My takeaway from this year’s ISWC

Less is sufficient
Theory and practice is happening more and more and it’s getting rewarded
We need to think bigger
Semantic and Knowledge Graph technologies are doing well in industry

So let’s start! This was a very exciting and busy ISWC for me.

In 2008, @olafhartig & I met at @iswc_conf when we were PhD students Today we giving keynotes: “Let's rethink our optimization criteria for Web querying: A case for
response time focused query processing” and “The socio-technical phenomena of data integration” How cool! #iswc2019
— Juan Sequeda (@juansequeda) October 25, 2019

For the past two years, Claudio Gutierrez and I have been researching the history of knowledge graphs (see http://knowledgegraph.today/).

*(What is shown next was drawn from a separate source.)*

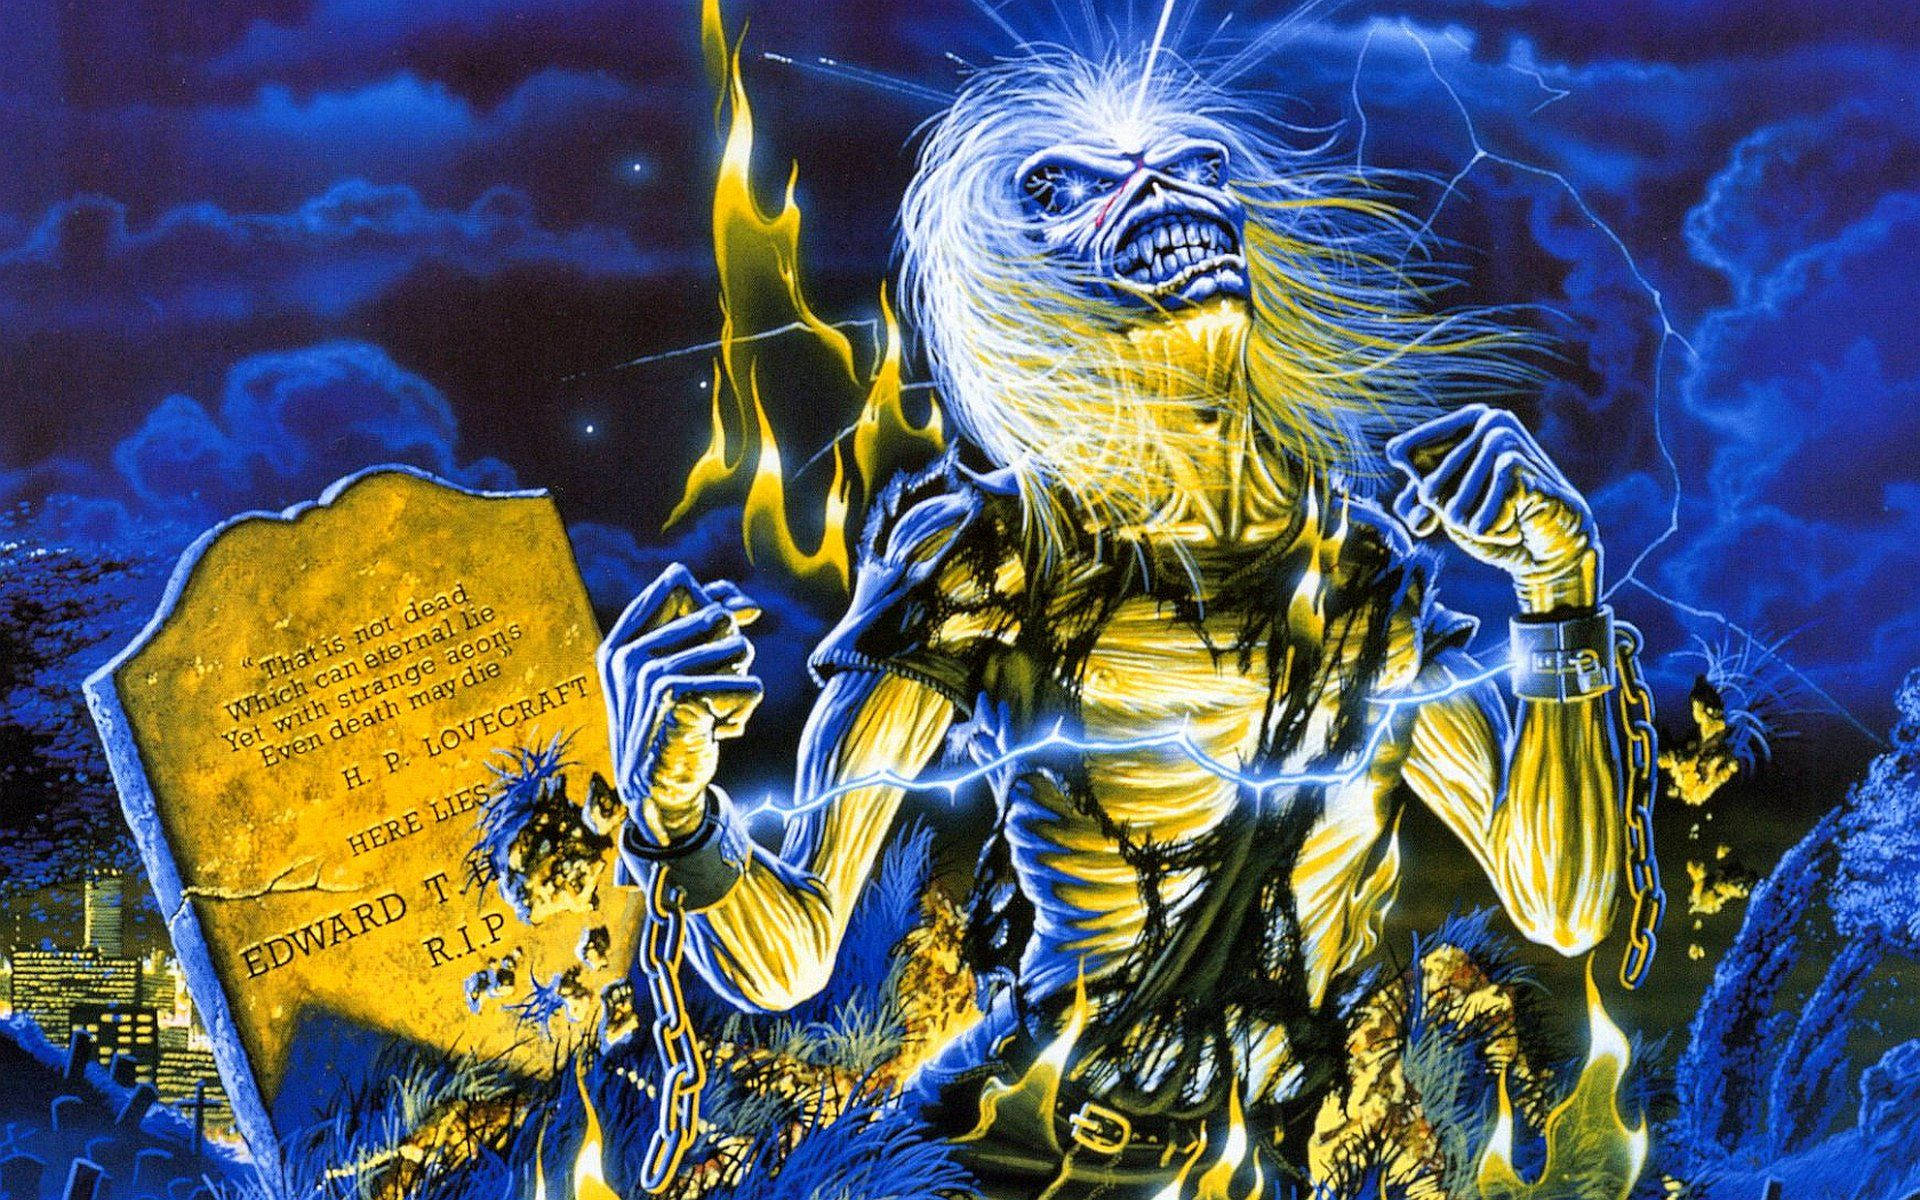 Iron Maiden - Rising from the Grave Wallpaper

We culminated this work with a paper and a tutorial at ISWC. It was very well received:

This is really inspiring, I will go back home hungry for reading and learning more. Fortunately, @juansequeda is giving us a long reading list. #knowledgegraphs #ai @iswc_conf #iswc_conf https://t.co/NgKIVCAbxo
— Pasquale Lisena (@PasqLisena) October 27, 2019

I also gave the keynote “The socio-technical phenomena of data integration” at the Ontology Matching Workshop

Brilliant keynote by @juansequeda at the OM workshop on the socio-technical aspects of data integration, stimulating and challenging take home message. @iswc_conf pic.twitter.com/tK8cEbgHhV
— Valentina Tamma (@VTamma) October 26, 2019

Exciting keynote by @juansequeda at the Ontology Matching Workshop @iswc2019 #iswc2019 pic.twitter.com/gwN98YY9B4
— Oktie Hassanzadeh (@oktie) October 26, 2019

Part of my message was to push the need of the Knowledge Scientist role.

#Knowledge scientists are the missing chain between Data and Business @juansequeda @iswc_conf #iswc_conf pic.twitter.com/5KLURHhKIv
— Pasquale Lisena (@PasqLisena) October 26, 2019

I gave a talk on our in-use paper “A Pay-as-you-go Methodology to Design and Build Enterprise Knowledge Graphs from Relational Databases”

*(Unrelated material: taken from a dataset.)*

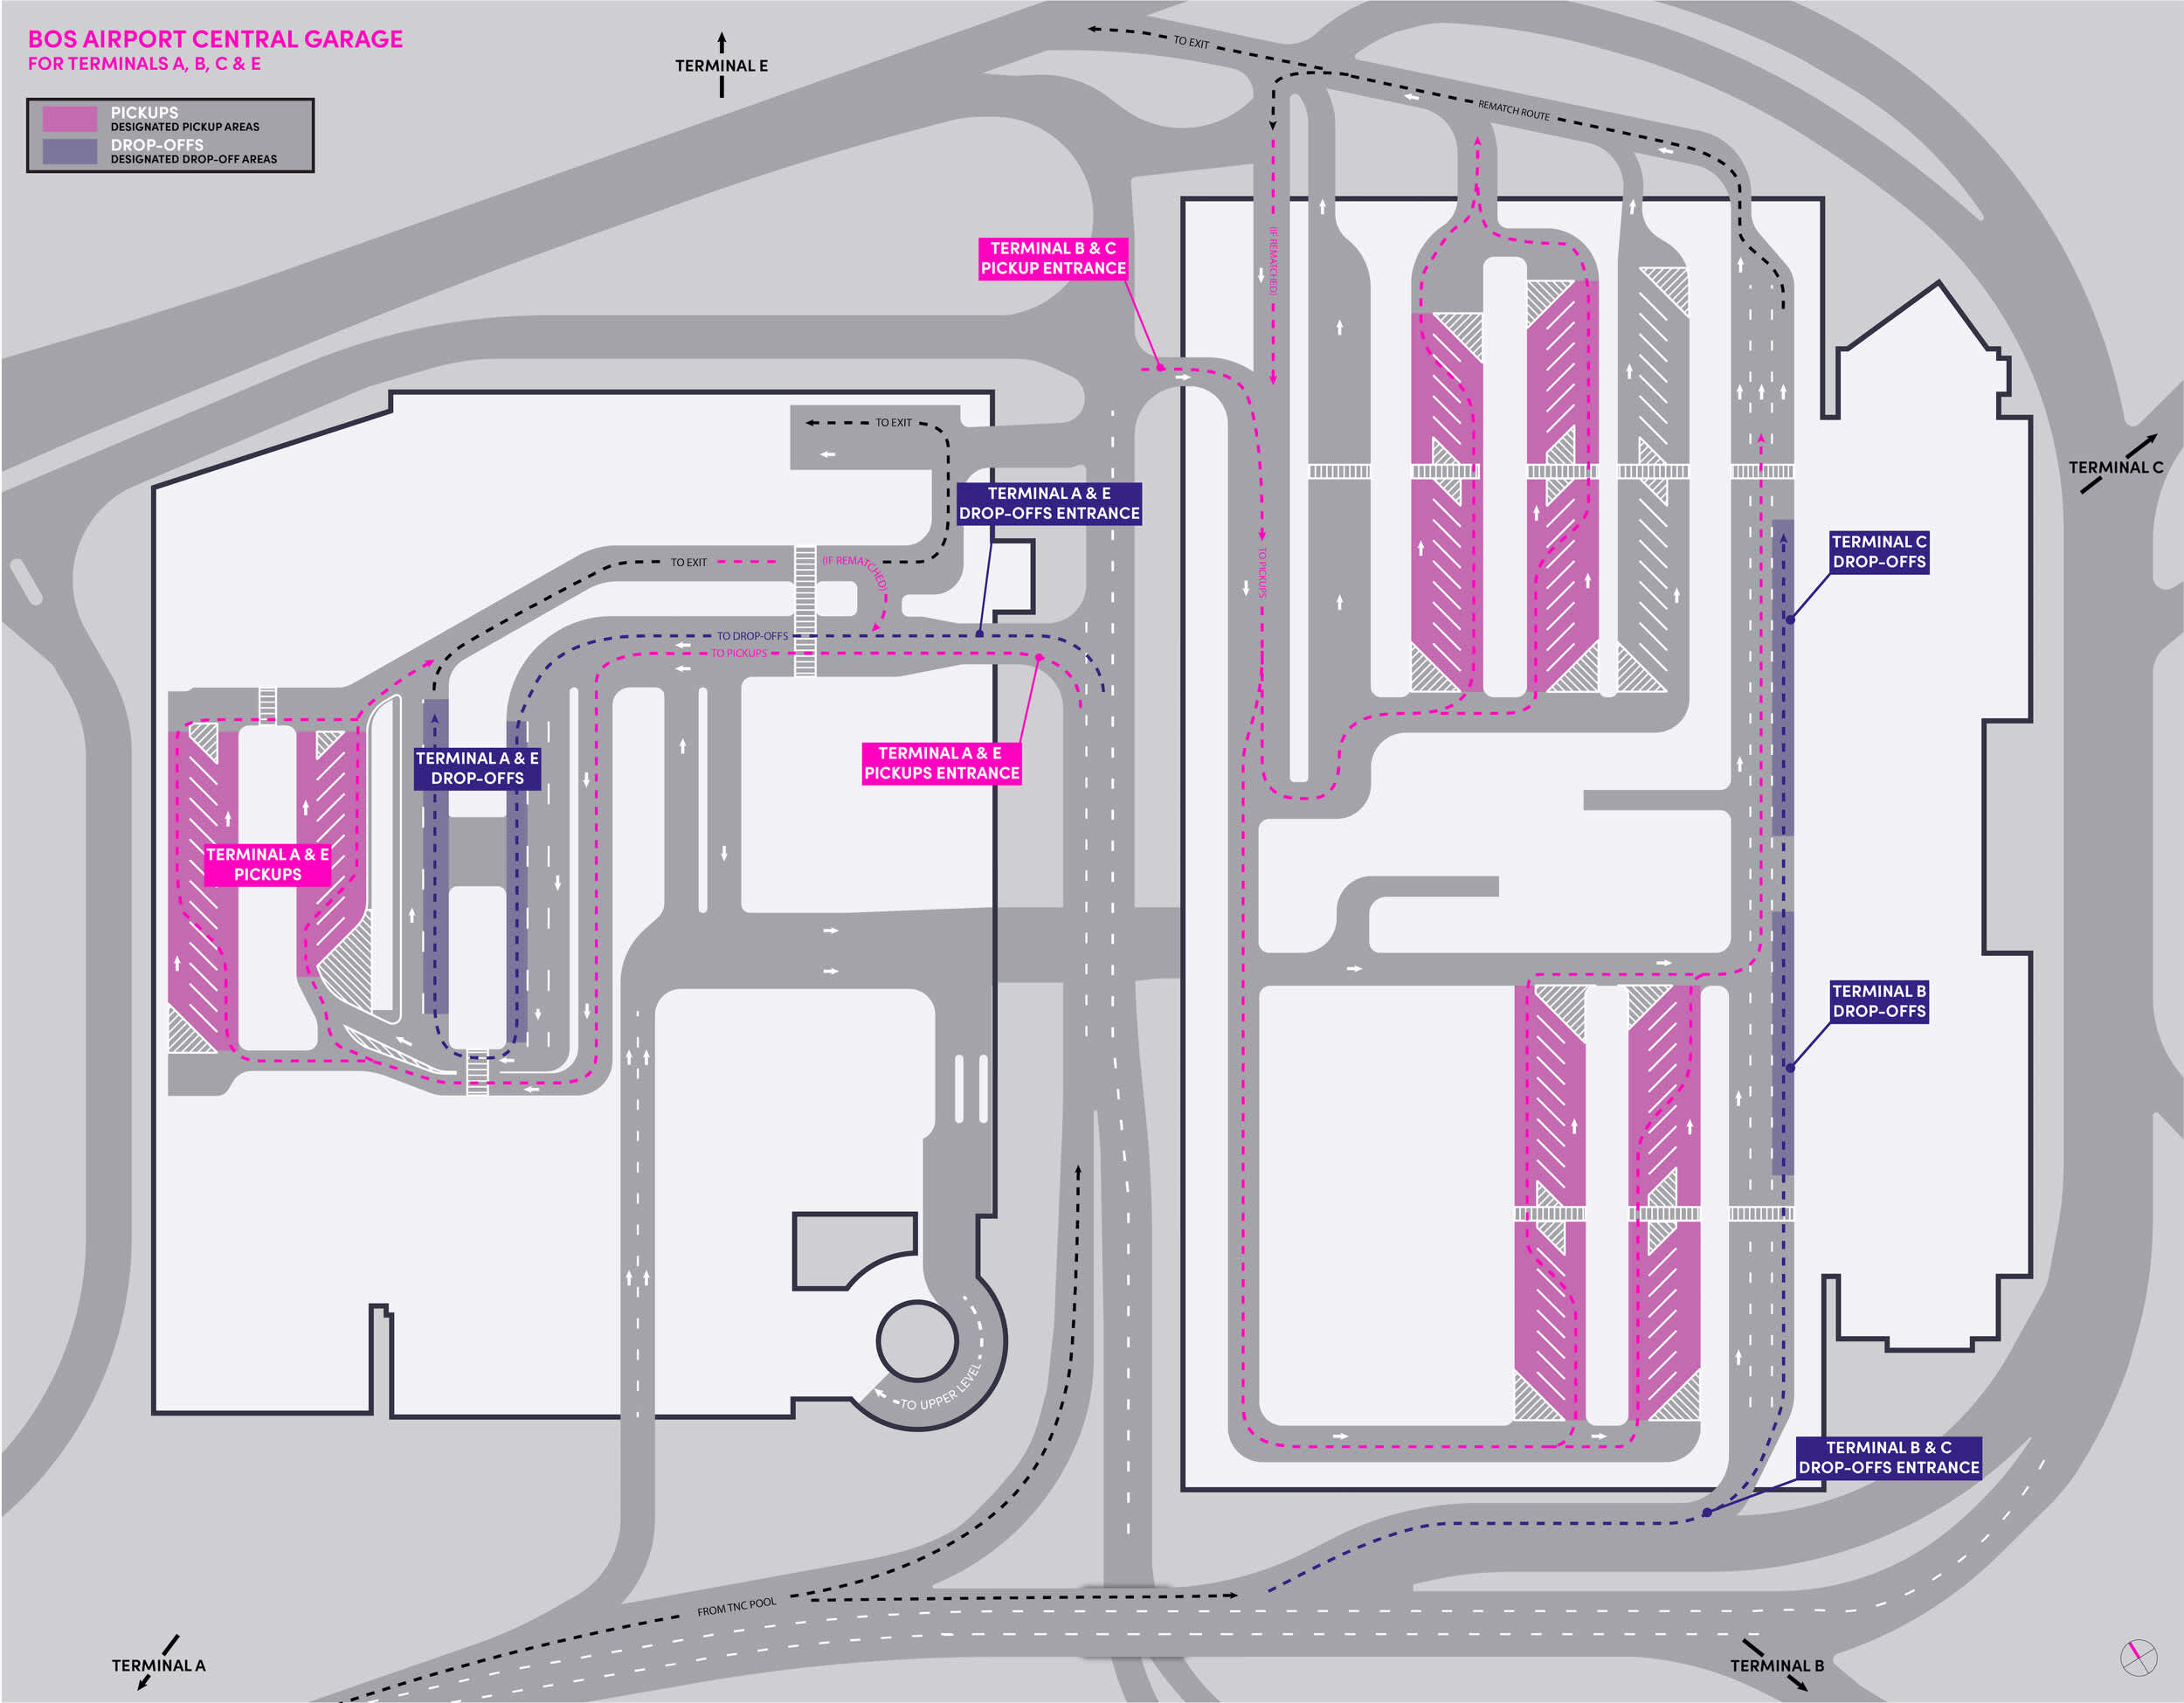 An illustrated map of the BOS Airport garage

A pay-as-go Methodology in 10 steps to design and build KGs from relational Database by @juansequeda #ISWC2019 pic.twitter.com/V2WmSJuHYs
— Ghislain Atemezing (@gatemezing) October 28, 2019

Marketer in chief ⁦@juansequeda⁩ is telling the audience how to cite his paper at #iswc_conf! And you got a tee shirt if you ask a question 😃Good Talk! pic.twitter.com/YxzwANu1M1
— Raphaël Troncy (@rtroncy) October 28, 2019

In conjunction with Dave Griffith, I also gave an industry presentation on how we are building a hybrid data cloud at data.world. Finally, I was also on an industry panel.

Oh, and data.world had a table

#iswc_conf Come learn about @datadotworld and get some socks and stickers. Come to our talks, ask questions and get tshirts!

We are looking for research partners and research interns!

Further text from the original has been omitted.